▶ Exercise instructions:
Repeat the span of the entries below that starts at the line with "Hình ảnh báo" and ends at the line with "Immagine di Hyla", nothing more. Skip the pictures.

▶ Information:
════════

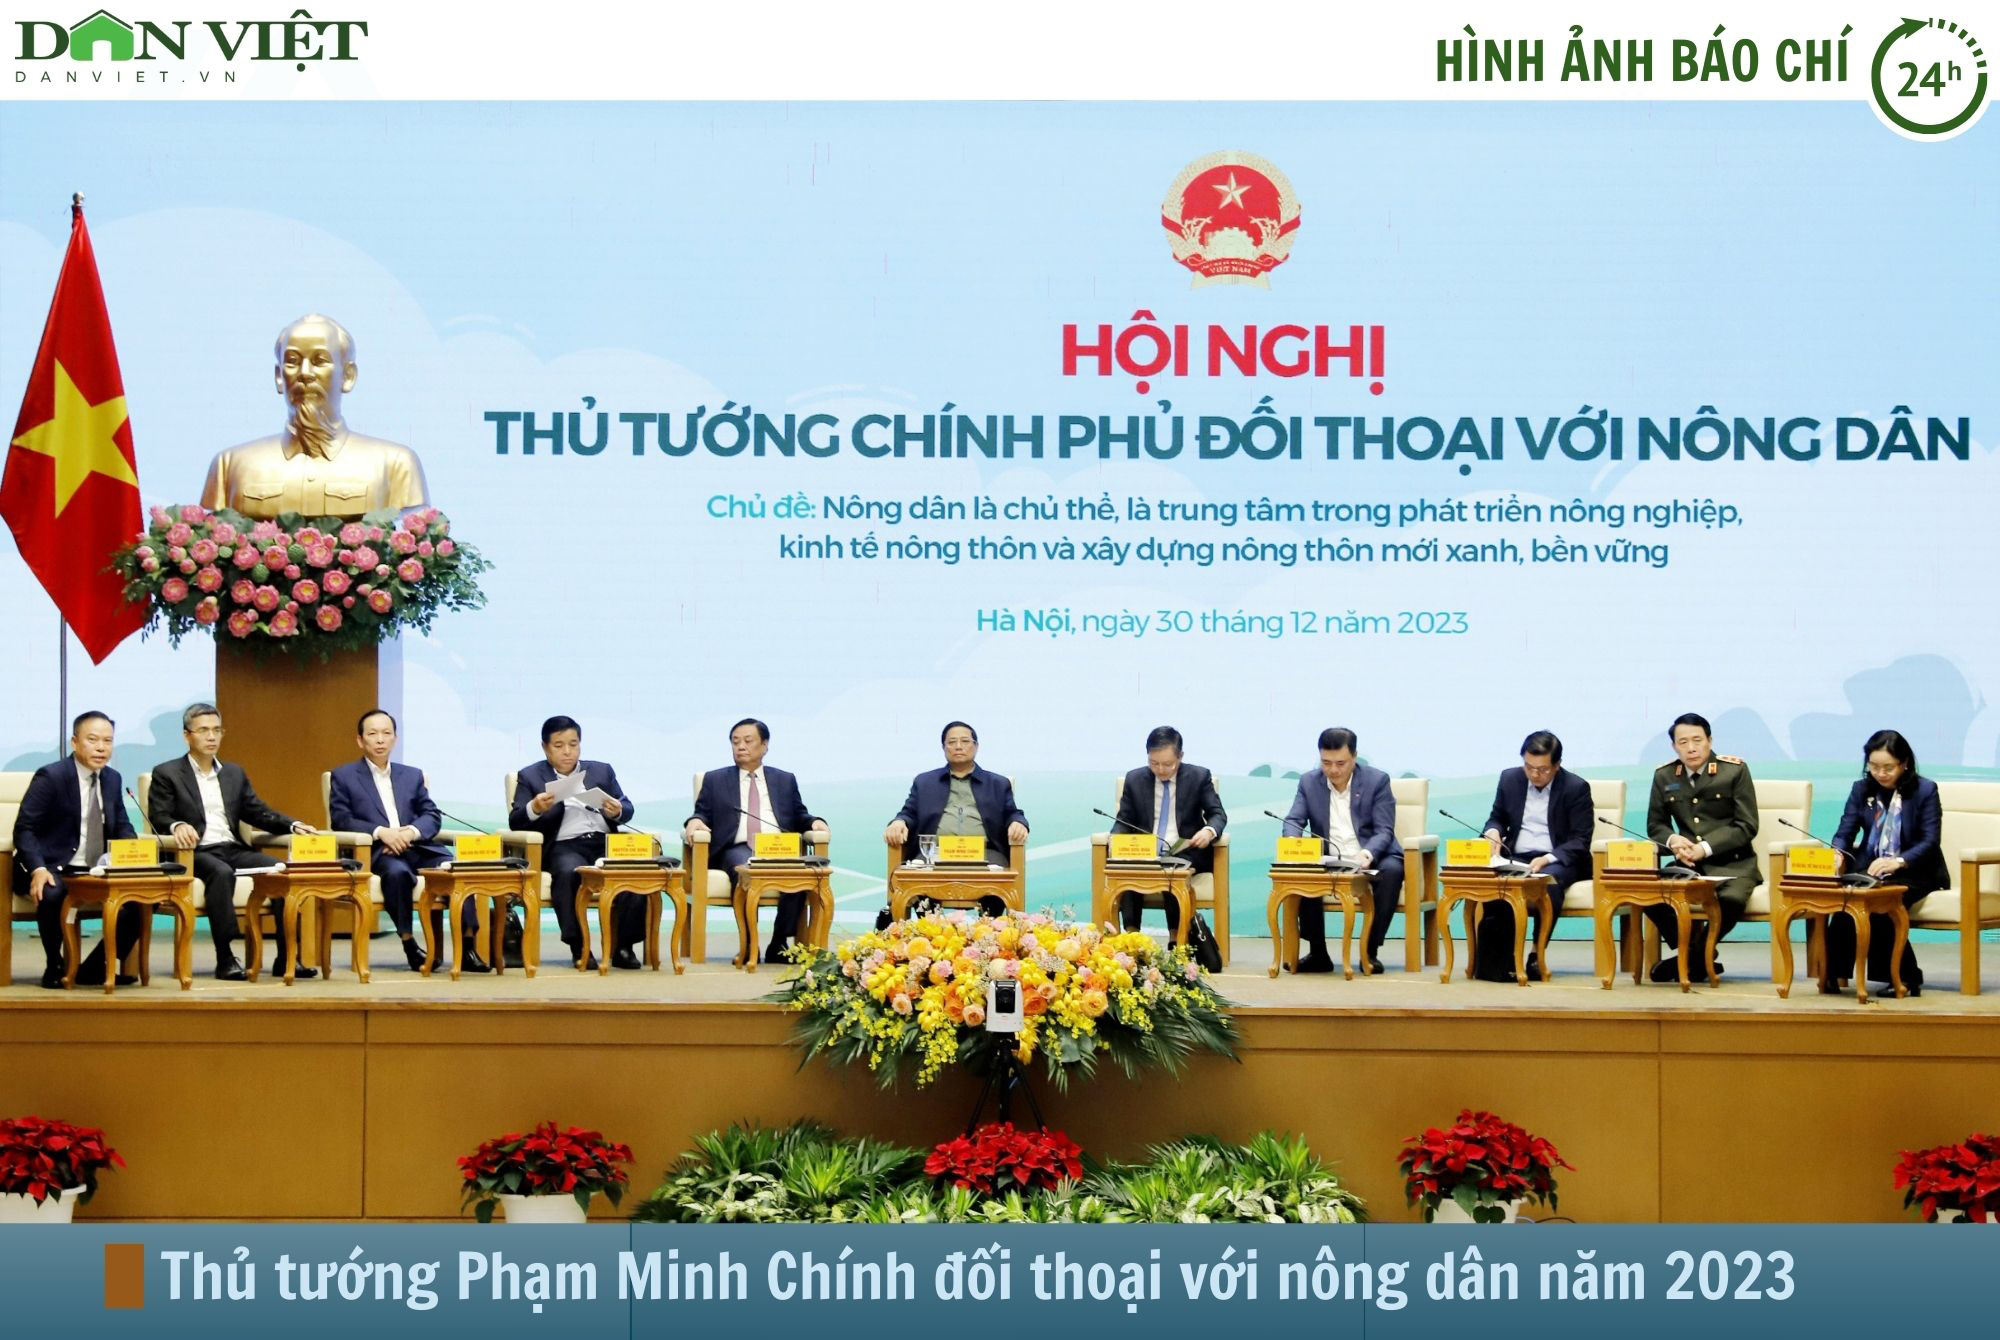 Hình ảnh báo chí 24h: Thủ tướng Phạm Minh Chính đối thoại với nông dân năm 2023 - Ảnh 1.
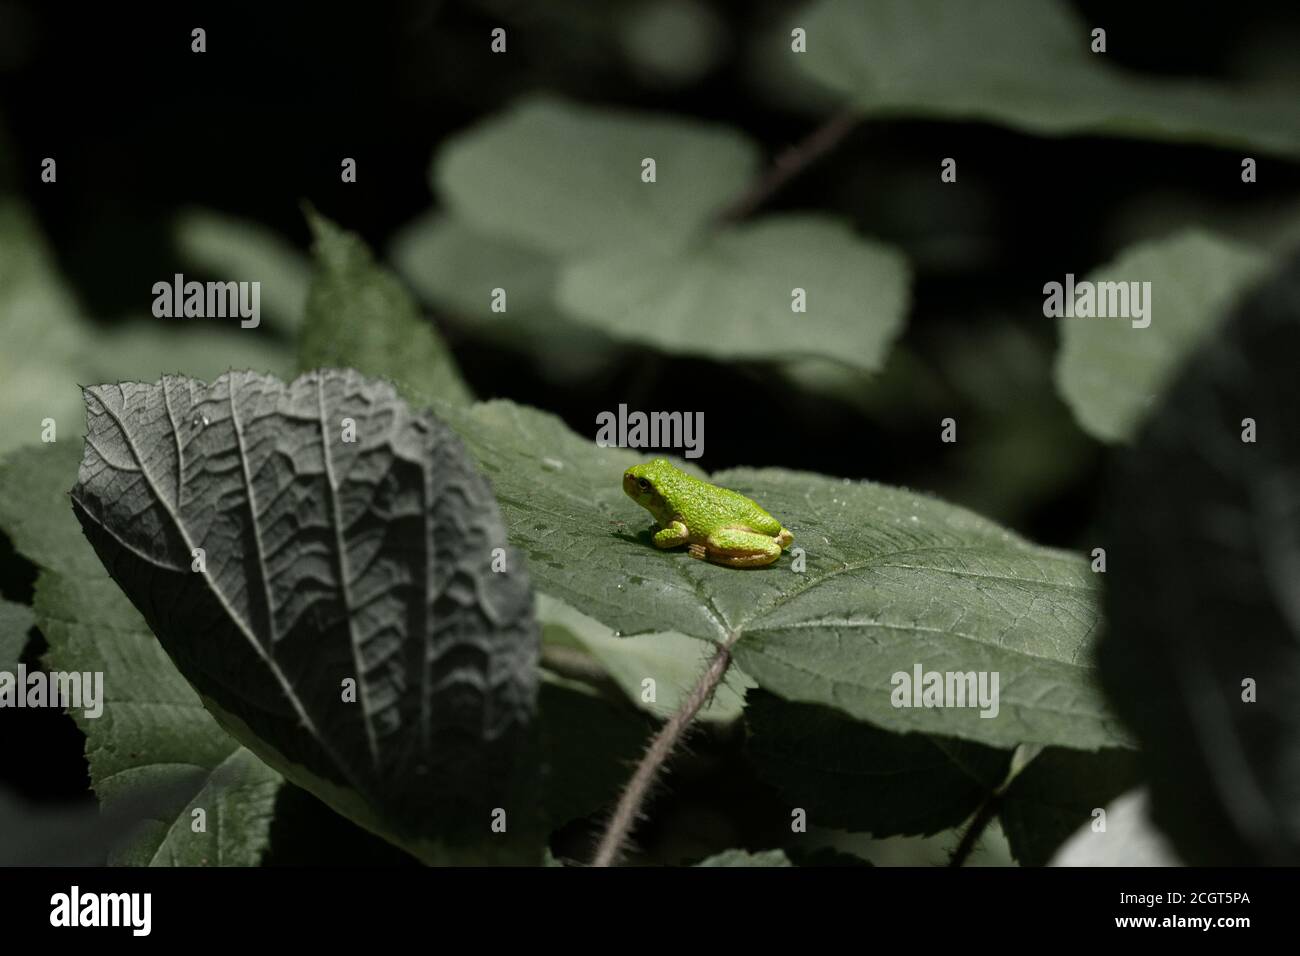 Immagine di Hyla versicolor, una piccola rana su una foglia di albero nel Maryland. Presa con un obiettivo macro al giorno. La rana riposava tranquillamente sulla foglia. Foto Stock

════════

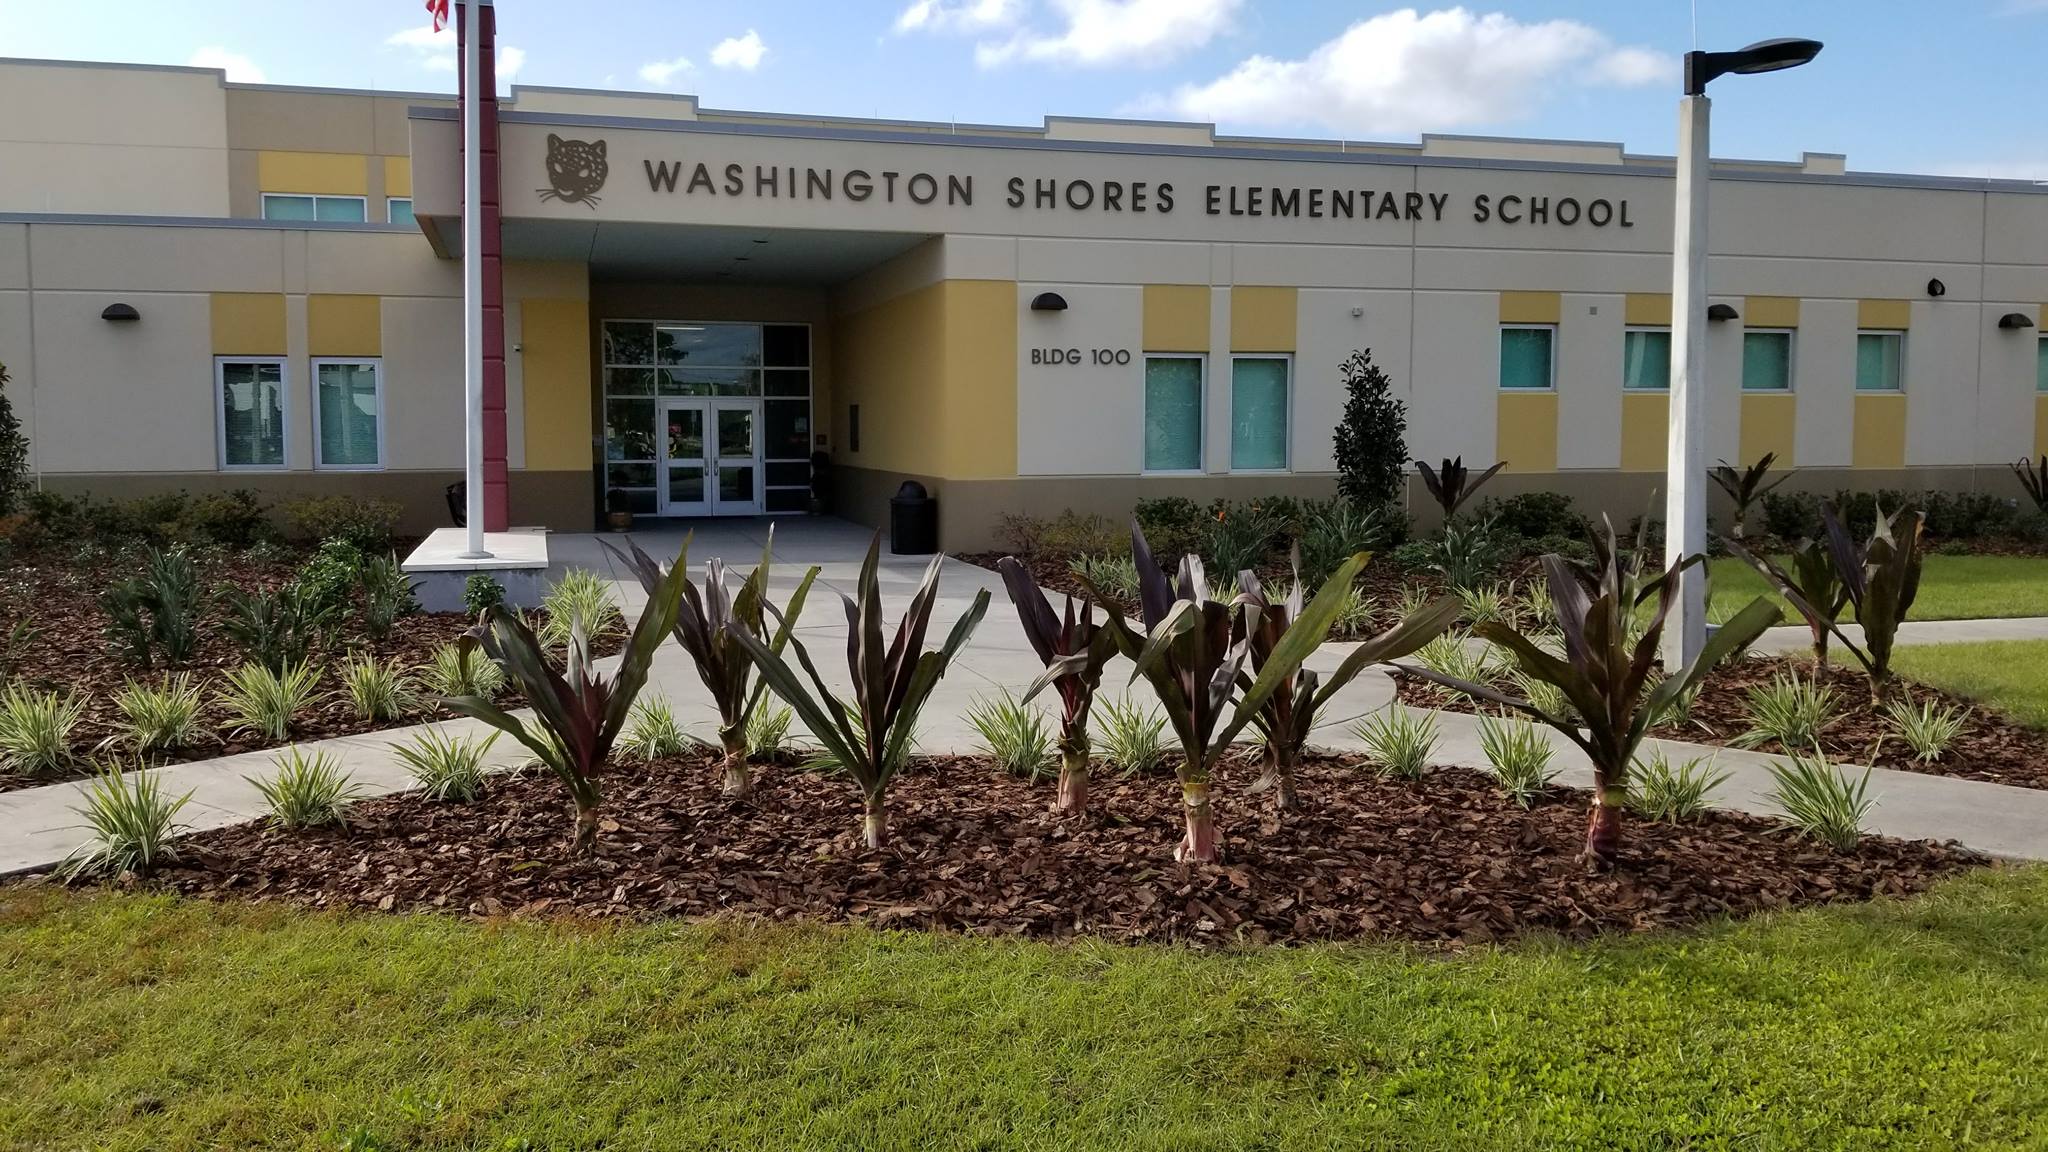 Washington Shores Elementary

════════

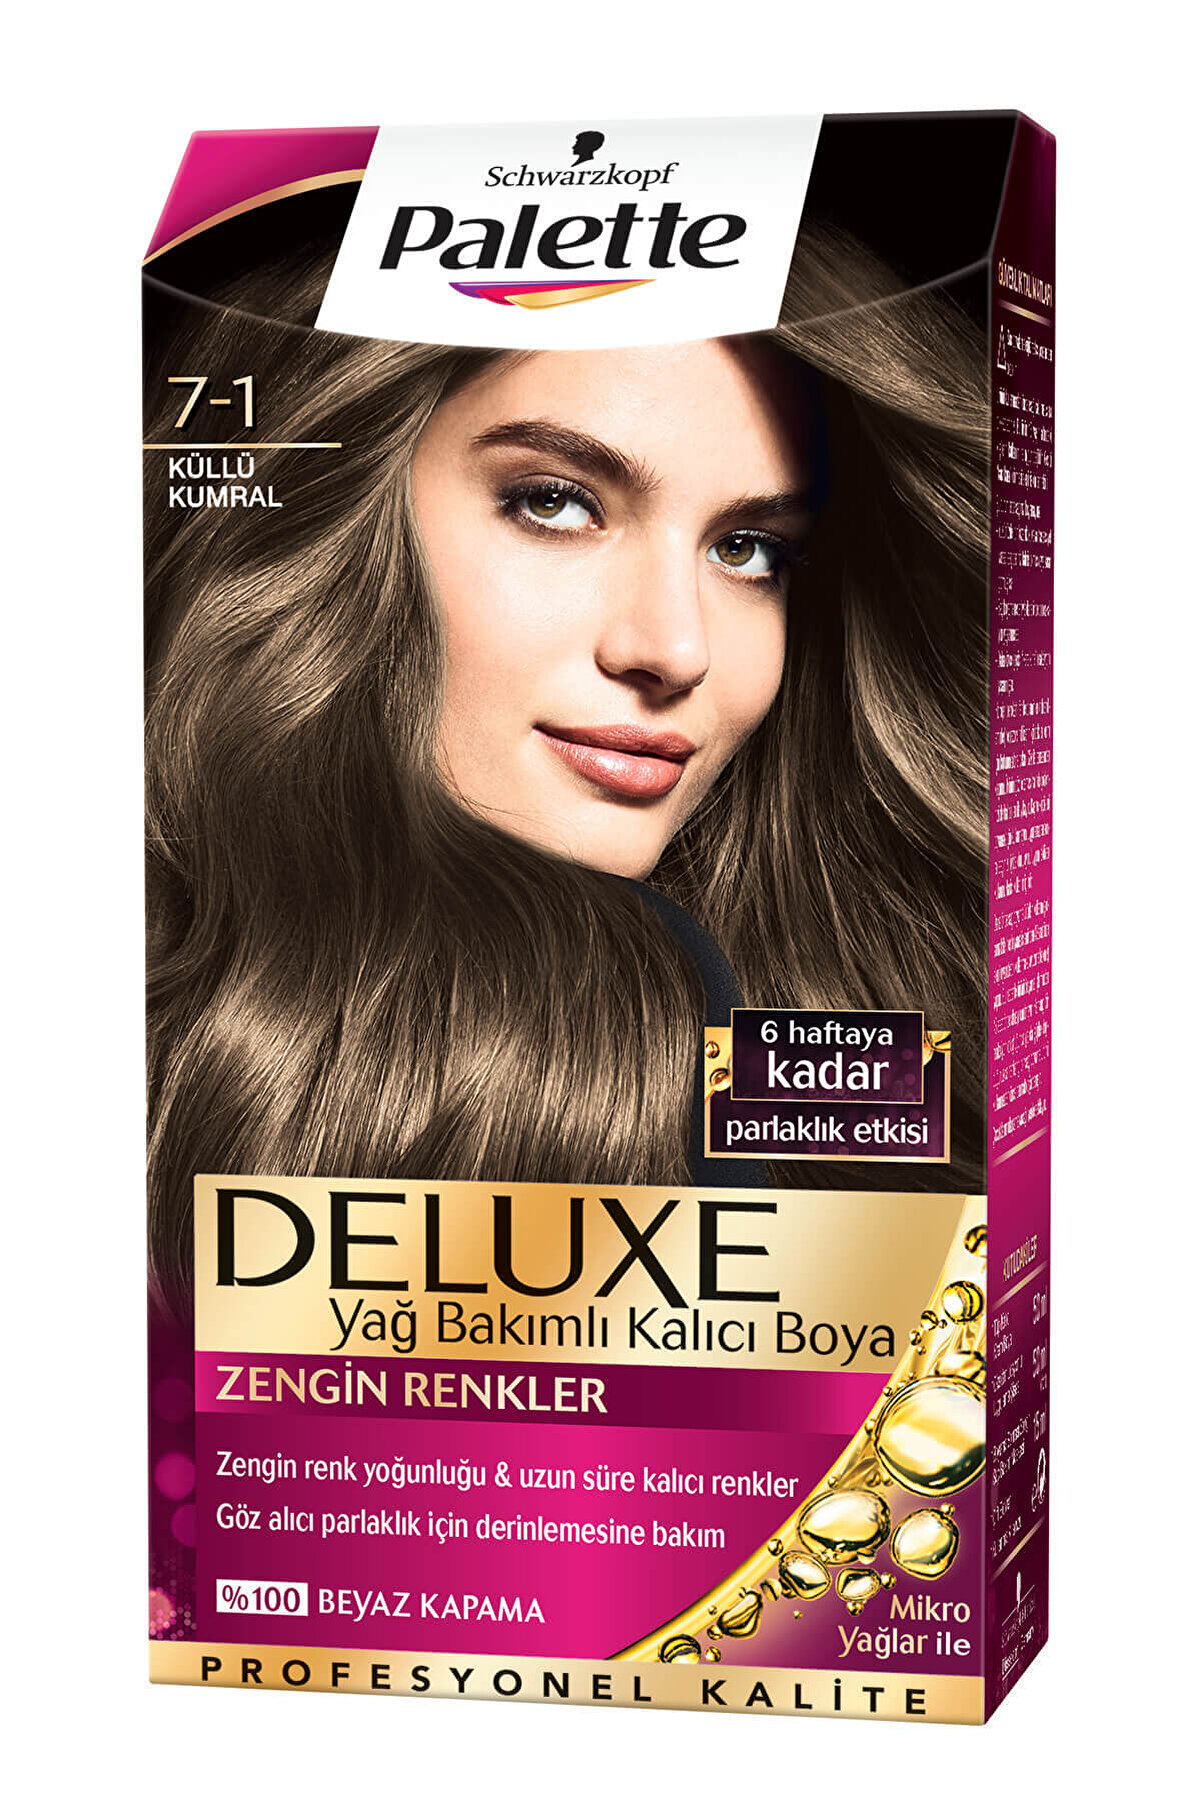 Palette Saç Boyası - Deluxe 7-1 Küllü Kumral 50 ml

════════

▶ Response below:
 Hình ảnh báo chí 24h: Thủ tướng Phạm Minh Chính đối thoại với nông dân năm 2023 - Ảnh 1.
 Immagine di Hyla versicolor, una piccola rana su una foglia di albero nel Maryland. Presa con un obiettivo macro al giorno. La rana riposava tranquillamente sulla foglia. Foto Stock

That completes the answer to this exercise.